Understanding Vertica Import and Export
Vertica provides import and export capabilities that allow you to move data between two Vertica clusters. Importing and exporting data between clusters is faster than streaming data over STDIN or using a vsql connection for the reasons described in this document.
Import and Export: An Overview
The import and export processes operate as mirror images. A cluster that exports the data executes the equivalent of a SELECT statement. A cluster that imports the data executes the equivalent of a COPY statement. The mechanics of an import/export operation resemble an INSERT... SELECT ... query.
This document refers to the cluster exporting the data as the source cluster, and the cluster importing the data as the target cluster. Data moves from a table in the source cluster to a similar table in the target cluster. These clusters and tables may have different topologies and other characteristics such as:
- Numbers of nodes
- Database versions
- Numbers of projections
- Column data types
- Segmentation
- Users
- Configuration settings
To illustrate how import and export work, the examples in this document use two Vertica clusters:
- Source cluster: 3 nodes (10.100.0.55, 10.100.0.66, 10.100.0.77)

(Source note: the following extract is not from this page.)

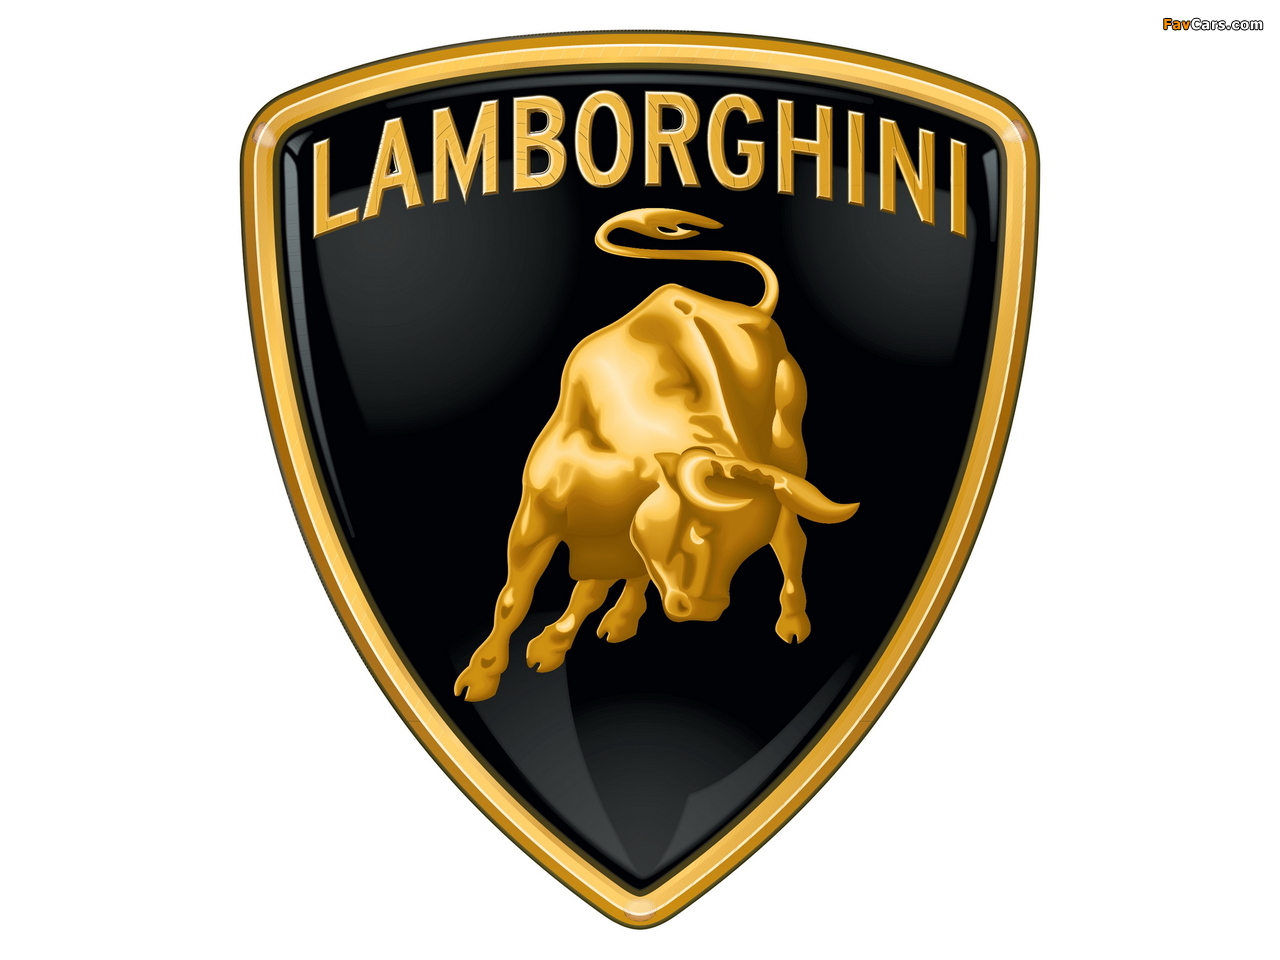 Lamborghini images (1280 x 960)

- Target cluster: 2 nodes (10.100.0.88, 10.100.0.99)
How Does Export Work?
On the source cluster, an export operation typically executes as the following commands. First, the source database connects to the target database. Then the source executes the EXPORT TO VERTICA query, which specifies the SELECT statement that retrieves the data to export to the target:
source=> CONNECT TO VERTICA VerticaDBTarget USER dbadmin PASSWORD '' ON '10.100.0.88',5433; source=> EXPORT TO VERTICA VerticaDBTarget.tgt_table (n,a,b) AS SELECT n AS col1, a as col2 , b as col3 from src_table;
The source executes the SELECT statement in the EXPORT statement above to retrieve the data to be exported. The target creates a COPY statement to connect to the source and receives the output of the SELECT statement.
This COPY statement contains the information needed for the target cluster to connect to the source cluster and stream the data. This information includes IP addresses, port numbers, data types and column names, and encoding and compression information.

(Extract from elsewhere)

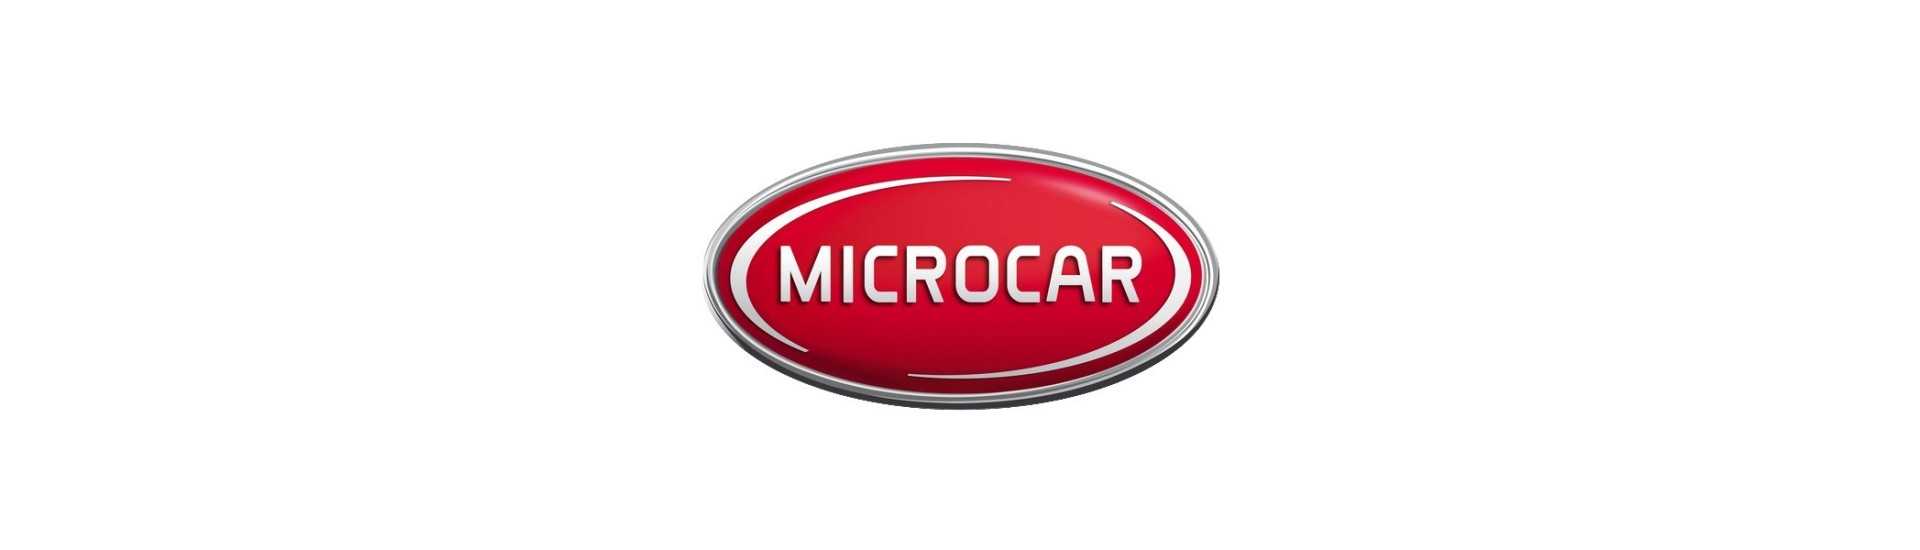 Paras auton hinta ilman lupaa Microcar

The COPY statement copies the output from the SELECT statement executes on the source and stores that data on the target.
The following graphic illustrates the EXPORT process:
To see the exact COPY statement that executes on the target database, query the SESSIONS system table. Because multiple concurrent TCP streams are loading data, this COPY statement tends to execute faster than using vsql or copying data from STDIN.
target=> SELECT user_name, node_name, current_statement FROM sessions; user_name | node_name | -----------+----------------------------+---------------------------------------------------- dbadmin | v_VerticaDBTarget_node0001 | COPY tgt FROM EXPORT ':SendExport explainBits:0 ... (1 rows)
Initial connections are made to source node IPs:5434 and then switched to ephemeral ports on the source side.
In the following example:
- v_VerticaDBTarget_node0001 is receiving data from both 10.100.0.55 (source node 1) and 10.100.0.77 (source node 3)
- v_VerticaDBTarget_node0002 is receiving data from 10.100.0.66 (source node 2)
v_VerticaDBTarget_node0001 is doing twice as much work than v_VerticaDBTarget_node0002. The import/export operation can take longer when the source and target nodes are not evenly matched.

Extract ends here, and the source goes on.